«Le Temps» recueilleles impressions de nouveaux élus durant leur première session parlementaire Mauro Poggia 52 ansMCG/Genève Bien que tiré à quatre épingles, il est le SDF du parlement. Seul membre du Mouvement Citoyens genevois, il ne fait partie d’aucun groupe parlementaire et ne peut donc siéger au sein d’aucune commission. Mauro Poggia a aussi hérité d’une drôle de place, la No 6, en face de la plupart des élus, avec un seul voisin. «Je suis un peu isolé, en effet, mais je n’ai pas du tout l’impression d’avoir hérité d’une place «maudite». Je suis à côté du deuxième vice-président du National et quand les conseillers fédéraux sont venus s’asseoir devant moi pour la cérémonie d’ouverture de la nouvelle législature, ils m’ont serré la main. J’ai aussi une belle vue sur l’ensemble de mes collègues», raconte-t-il, tout sourire.
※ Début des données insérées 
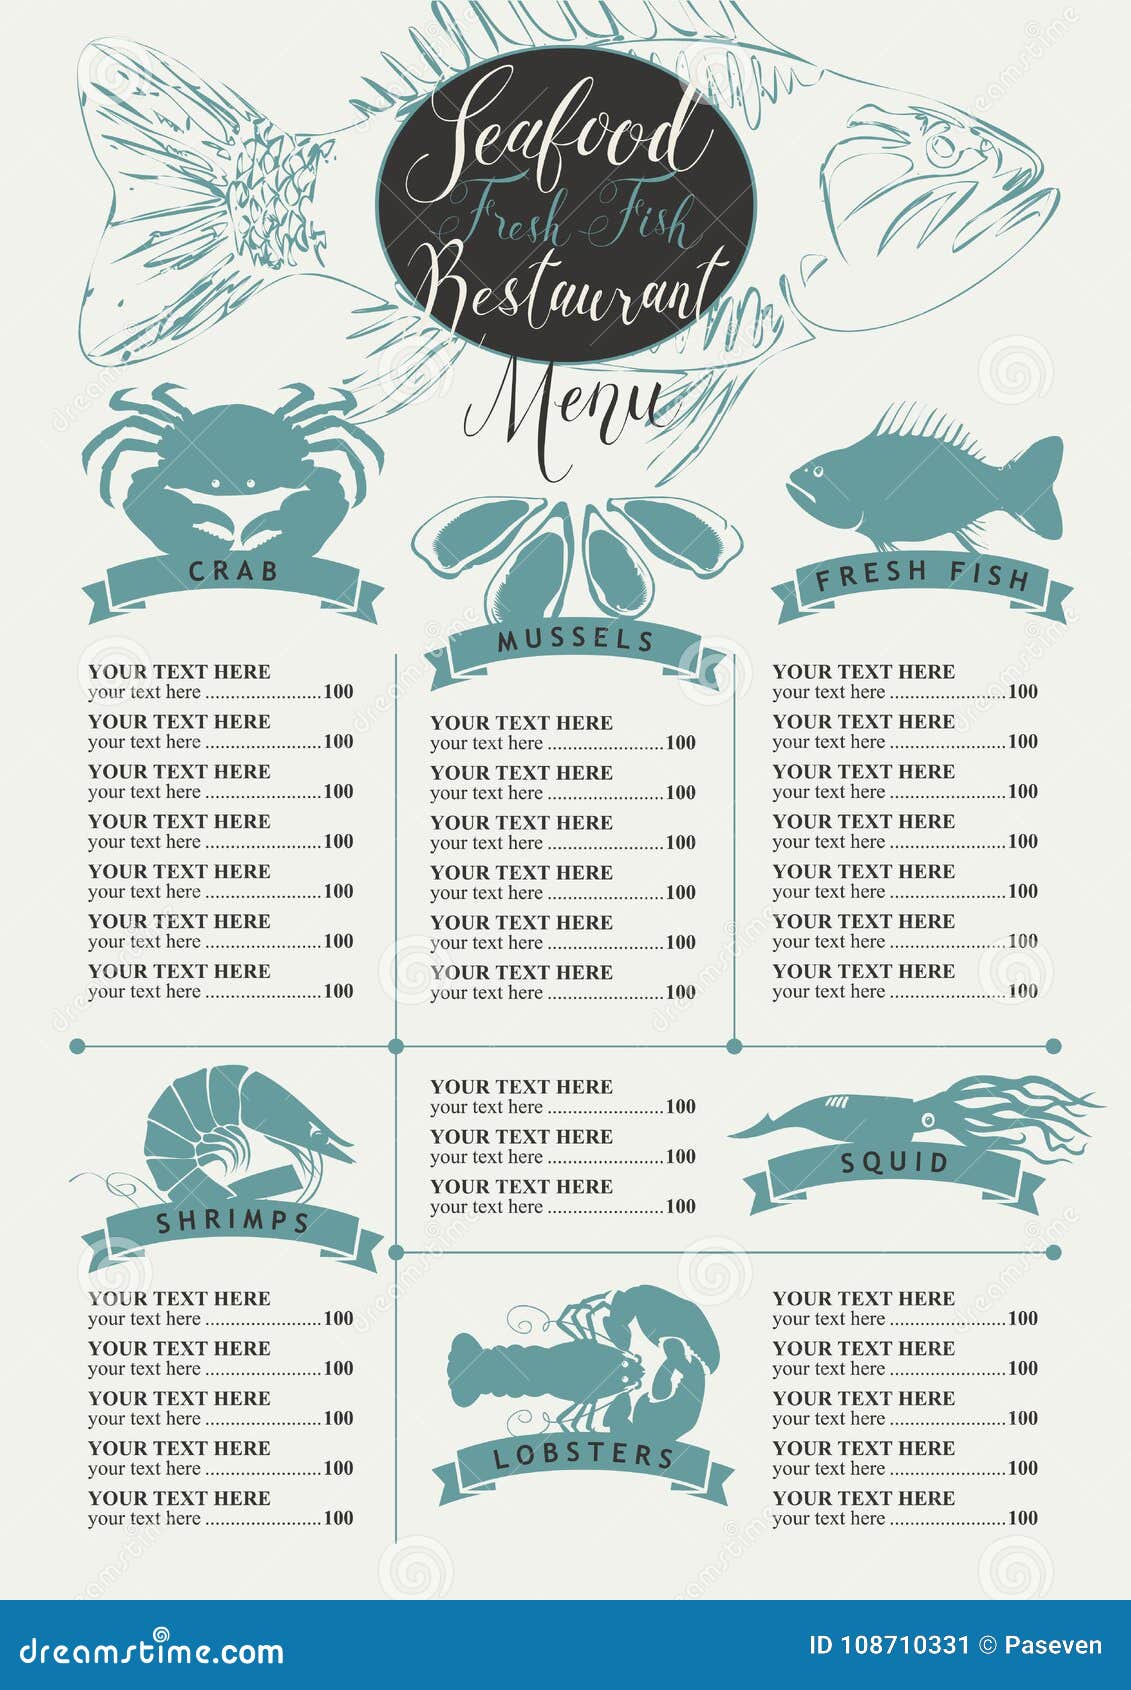 Menu with Price List for a Seafood Restaurant Stock Vector

Seul, oui. Un peu anxieux – «Je serai plus observé que n’importe quel élu» – aussi, avoue-t-il. Et ému. «J’ai eu une pensée pour mes parents, arrivés en Suisse en 1951. Fils d’ouvrier, j’ai fait un bout de chemin. C’est d’ailleurs aussi un 5 décembre que j’ai pour la première fois fait usage de mon brevet d’avocat. C’était en 1983». Le communiqué du MCG qui claironnait sa victoire de meilleur élu genevois annonçait envoyer un «empêcheur de tourner en rond» à Berne. Mauro Poggia rappelle que son mouvement n’est «ni de droite ni de gauche» et préfère dire qu’il compte intervenir sur des sujets «rassembleurs, pas trop marqués politiquement». Comme la question du surendettement. «Je me vois plus dans le rôle de mouche du coche, de franc-tireur au sein d’une armée régulière.»

Sans mentor ou poisson pilote capable de lui expliquer les subtilités du fonctionnement parlementaire, il observe, prend ses marques. Et déposera ce mardi déjà sa première intervention, pour l’heure des questions de lundi. Sur le nouveau financement hospitalier. «Le fait de ne siéger au sein d’aucune commission me pousse à m’affirmer davantage, peut-être plus vite que d’autres nouveaux élus». Président de l’Association suisse des assurés, celui qui milite au sein du comité d’initiative pour une caisse unique a été un peu déçu par la prestation de serment. «Cela s’est passé tellement vite… Je pensais au moins que ce serait nominatif.» Sa famille n’était pas dans les tribunes pour assister à ce moment. Il s’y est pris trop tard. «On m’a dit qu’il n’y avait plus de place. Ils sont un peu rigides, non?» Il a en revanche pu faire visiter le palais fédéral à sa femme et à son fils de 10 ans le matin même. «Mon fils a même pu s’asseoir à mon pupitre et je l’ai pris en photo. Il était tout content.»